At the same time, Work to Ride will be able to serve more students. Currently, the various programs offered by the nonprofit reach between 300 and 400 kids on an annual basis, said Rosser, adding that the goal is to get that number up to between 500 to 700.

“The proposed indoor arena and renovations will allow us to expand our program to reach even more young people and transform more lives,” said Hiner.

According to Schemm, there are several planned upgrades to the existing barn, horse turnout and facilities, as well as specific student benefits that will include an improved area for riding and schooling horses, a newly designed tutoring and homework room, updated internet and computers, an area for visitors to watch competitions and schooling, enhanced horse housing and care areas, and a better space for Hiner and her staff.

The project’s successful path thus far is due to donors, city officials, program volunteers, Archer & Buchanan Architecture, and, of course, Rosser, who Schemm describes as an essential member of the fundraising team for Work to Ride.

“He entered the program when he was in grade school and has competed in polo matches in the U.S. and abroad — including Africa. He helps potential donors to understand how Work To Ride participants gain skills that go beyond the knowledge and skills needed to compete in equestrian sports,” she said. “He is able to articulate the impact of Work To Ride on his life and that of other program participants.”

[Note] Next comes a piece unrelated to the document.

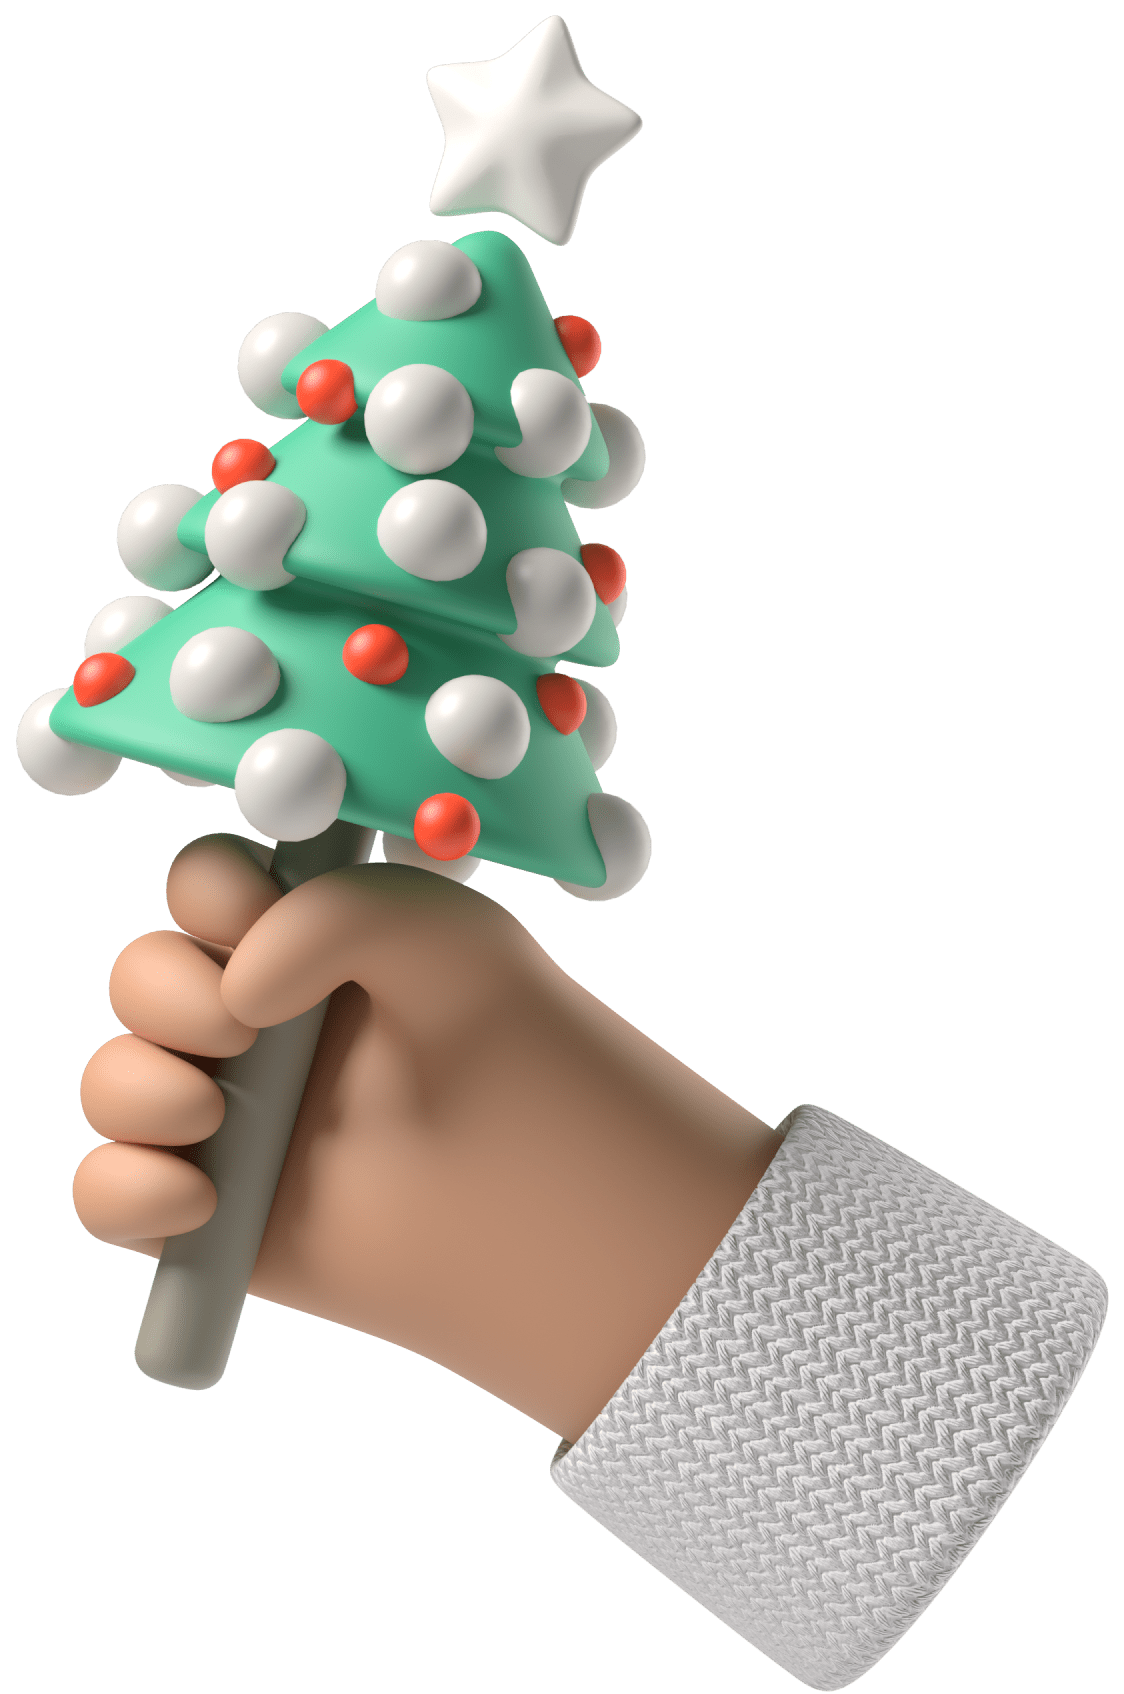 3D hand model with christmas tree

Schemm herself has been part of the Work to Ride family since 2007. She describes the organization as “sticky.”

“Once involved a bit, people find that their involvement increases and soon Work To Ride becomes a home away from home,” she said. “I have watched the talents of participants expand as they become more accomplished in equestrian sports, school success and social skills. Seeing the development of program participants is powerful, especially when observed over many years.”

And though student participants may face some dirty stuff when they join the program — namely shoveling horse manure — the otherworldly experience they gain through Work to Ride lifts them above their environment of drugs, crime, violence, and hatred. And horses don’t judge you.